Her nasılsa Temmuz gecelerinden bir mehtaplı gecede, Afet-i Devran
Neriman’ın Büyükada'ya gitmesi icap etmiş. Çevresindekiler acele etmemesini, sabahın ilk vapurunu beklemesini önermişler. Dinlemeyip ısrar edince de Ali'nin namını anlatmışlar. Şuh bir kahkaha savurmuş Neriman,
- "Hahahayyyyt, demiş, O kayıkçı parçası mı namusuma el sürecek?"
Aman yapma etme büyük konuşma, Ali'nin kayığına binip de donuna dokunmadan inen yok demişler, dinletememişler.Nihayet binmiş Neriman Ali'nin kayığına.. “Çek” demiş Büyükada'ya.. “Hayhay” demiş Ali.. Vira bismillah çekip asılmış küreklere.
Moda burnu hizasına geldiklerinde, Neriman dayanamayıp göz ucuyla kaçamak bakışlar atmaya başlamış Ali'ye... Bir yandan Ali'nin namının hiç de haksiz olmadığını düşünürken bir yandan da içinde kıpraşan karşı koyamadığı arzuya gem vurmaya çalışıyormuş. .Bir kaç kez göz göze gelmişler... Ali hiç ses etmemiş. Derken Neriman’ın kaçamak bakışları sıklaşmış.. Zapt etmeye çalıştığı arzuları coştukça coşuyormuş..Öte yandan da uğruna erkeksiz yaşadığı belki de eline erkek eli değmeden mundar olup öte aleme hicretine sebep olacak namı geliyormuş aklına... O içinde böyle fırtınalar yasarken, Ali sessizliği bozuvermiş, bir yandan küreklere asılırken bir yandan da nasihat verir gibi, of çeker gibi mırıldanmaya başlamış;
- "Derleeeeeer, derleeeeeer, derleeeeeer, derleeeeeer. .."
Ses etmemiş Neriman.. Ali devam etmiş ,
- "Derleeeer, derleeer, derleeer, derleer..."
Neriman zaten hormonlarıyla amansız bir cenk halinde, Ali'nin umursamazlığı ve “derleeer derleeer “seklindeki hu çekmesi iyice sinirlerini bozmuş ve çıkışmış:
- "Ne derler be!? Ne derleeeer?"
Ali sakin, türkü kıvamında, sanki kendi kendine sesli düşünüyormuş gibi devam etmiş..
- "Derleeer derleeeer.
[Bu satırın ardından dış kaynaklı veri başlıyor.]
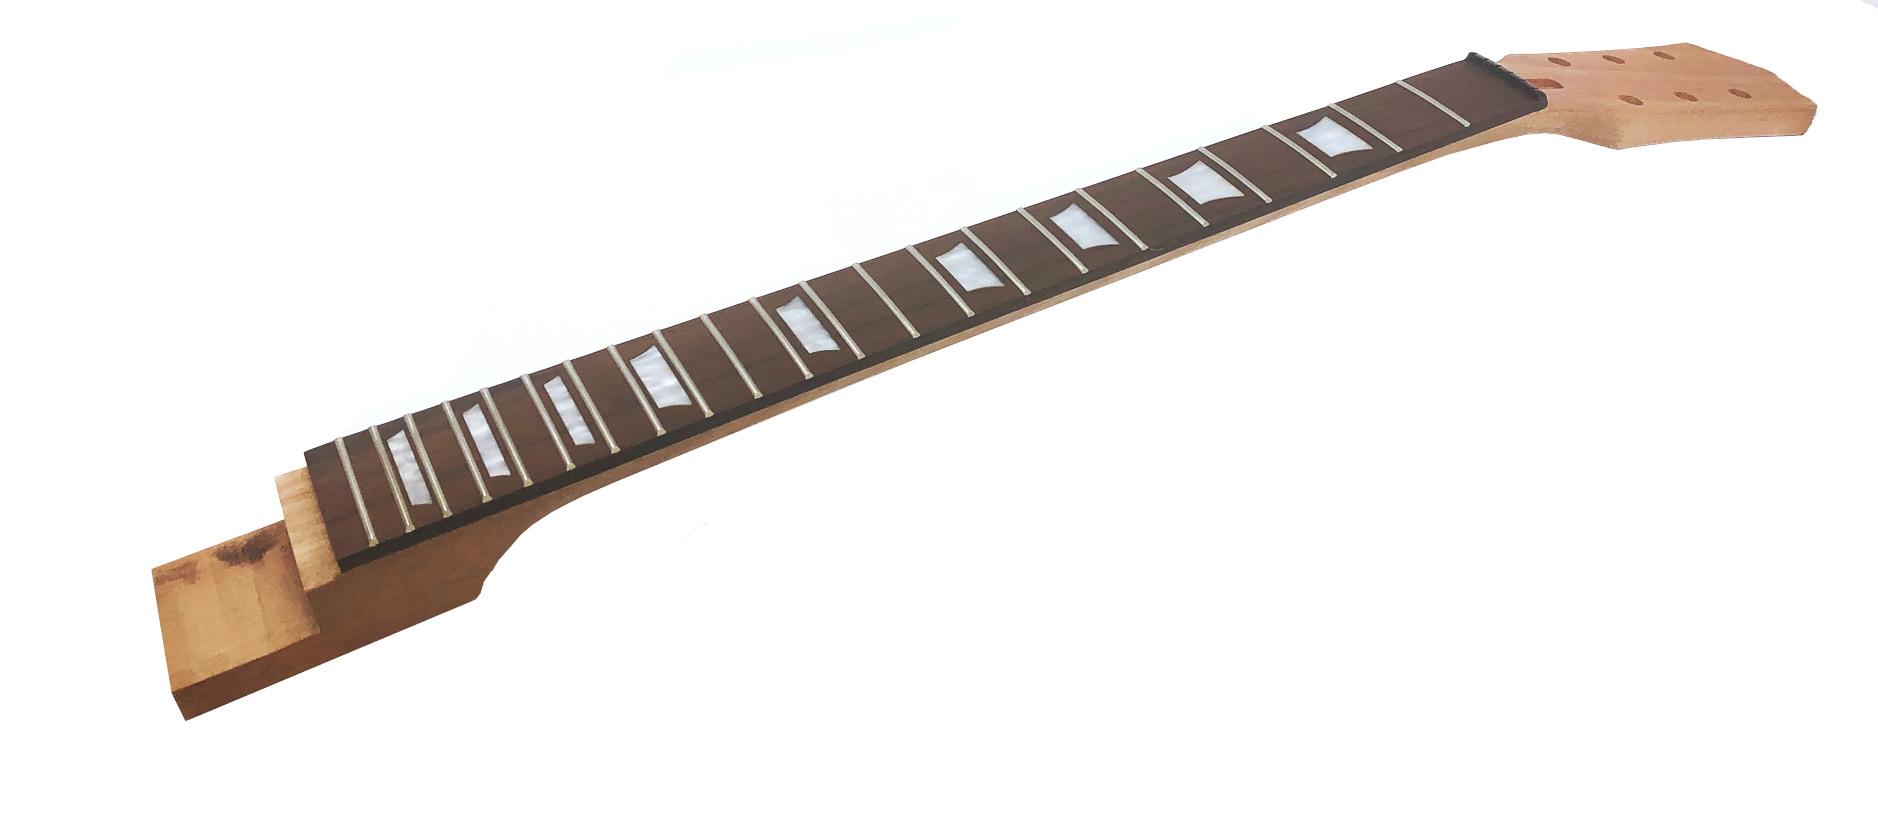 solo sg style diy guitar kit basswood body set neck 3 pick ups. Black Bedroom Furniture Sets. Home Design Ideas

Ali'nin kayığına bindin bir kere Neriman. Vermesen de verdi derleeer...derlerrr derler….
Şimdi gelelim kıssadan hissemize. Memleket öyle bir hal aldı ki artık kimse kimseye –Önyargısız- bakmıyor bile. Eğer birisi çıkıp bir konuda fikir mi beyan etti hemen yapıştırıyoruz “o falancanın adamı. O yüzden öyle konuşur” veya birisi hakkında bir eleştiri de bulundu mu “zaten o’nu buraya kimin gönderdiği belli”
Siz istediğiniz kadar “ben O’nun adamı değilim”, “bu fikrim bana ait” diyemezsiniz. Siyasetçiler bile artık “O’nun- bunun adamı olmuş” gazeteciler “şunun- bunun tarafı” olmuş. Var mı rengi belli olmayan bir siyasetçi? Var mı adı birisi ile anılmayan gazeteci? Varsa hodri meydan buradan…
O yüzden aksini söyleseniz bile "Derleeer, derleeeer…”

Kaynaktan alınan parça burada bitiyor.